My experience with practical systems is that it is usually easy for theorists to describe hypothetical breaks for the security model, and the issue is mostly one of prioritization (since people normally don’t care too much about security). For example, my strong expectation would be that people had described hypothetical attacks on any of the systems discussed in the article you linked prior to their implementation, at least if they had ever been subject to formal scrutiny. The failures are just quite far away from the levels of paranoia that I’ve seen people on the theory side exhibit when they are trying to think of attacks.
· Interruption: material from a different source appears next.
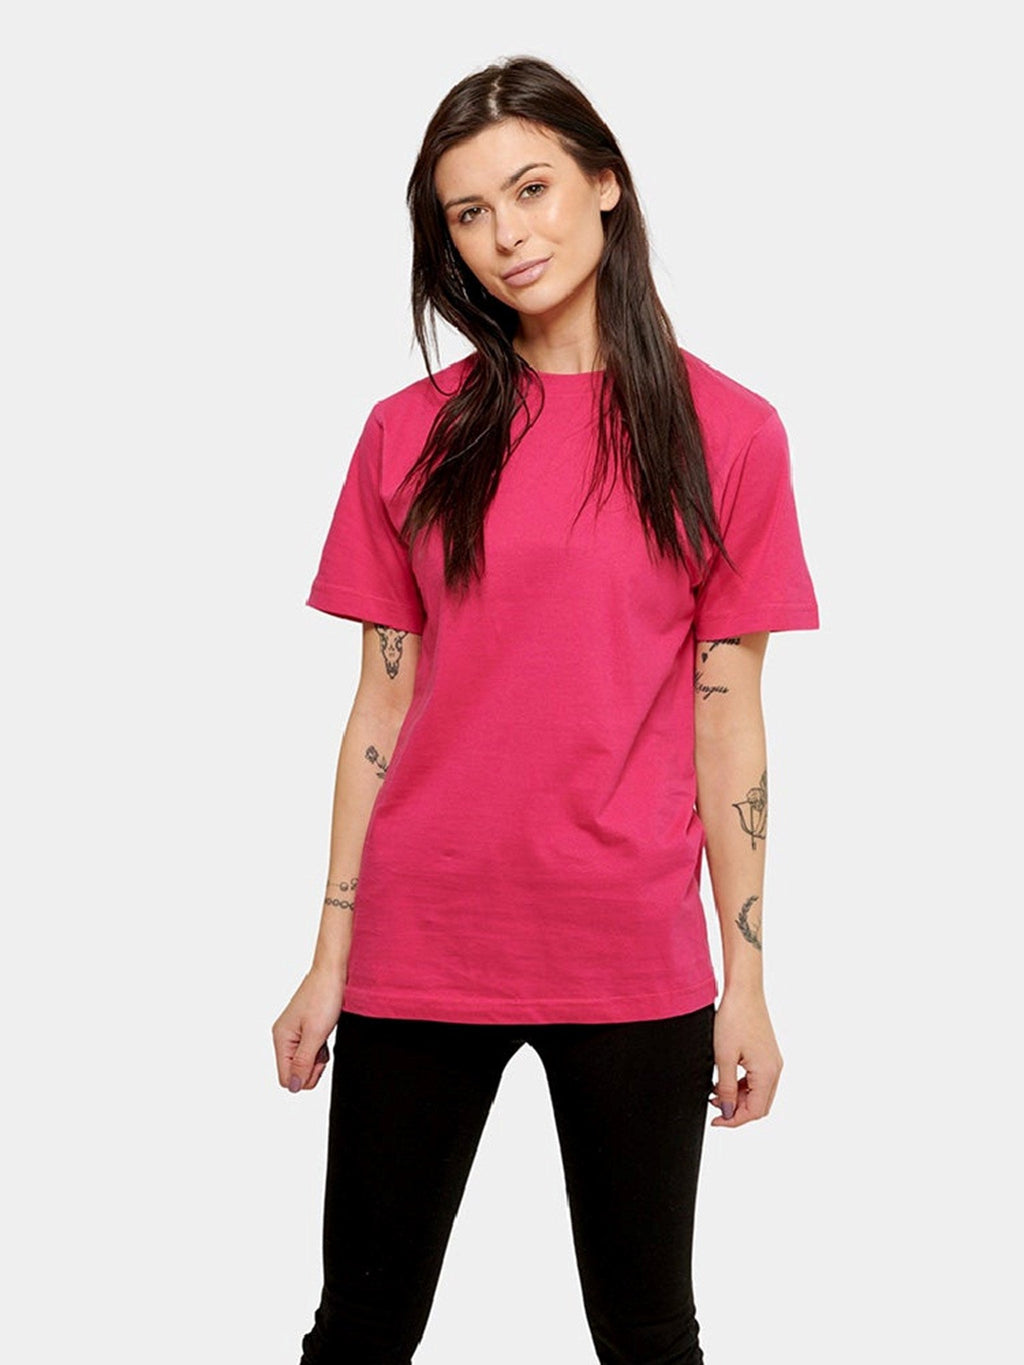 Υπερμεγέθη μπλουζάκι - ροζ

I would also expect that e.g. if you were to describe almost any existing practical system with purported provable security, it would be straightforward for a layperson with theoretical background (e.g. me) to describe possible attacks that are not precluded by the security proof, and that it wouldn’t even take that long. It sounds like a fun game.
Another possible divergence is that I’m less convinced by the analogy, since alignment seems more about avoiding the introduction of adversarial consequentialists and it’s not clear if that game behaves in the same way. I’m not sure if that’s more or less important than the prior point.
I would want to do a lot of work before deploying an algorithm in any context where a failure would be catastrophic (though “before letting it become potentially superintelligent” kind of suggests a development model I’m not on board with).
That would ideally involve theoretical analysis from a lot of angles, e.g. proofs of key properties that are amenable to proof, demonstrations of how the system could plausibly fail if we were wrong about key claims or if we relax assumptions, and so on.
It would also involve good empirical characterization, including things like running on red team inputs, or changing the training procedure in ways that seem as bad as possible while still preserving our alignment arguments, and performing extensive evals under those more pessimistic conditions. It would involve validating key claims individually, and empirically testing other claims that are established by structurally similar arguments. It would involve characterizing scaling behavior where applicable and understanding it as well as we can (along with typical levels of variability and plausible stories about deviations from trend).
I’m not exactly sure what you are asking. It seems like we’ll do what we can on all the fronts and prioritize them as well as we can. Do you mean, what else can we say today about what methodologies we’d use? Or under what conditions would I pivot to spending down my political capital to delay deployment? Or something else?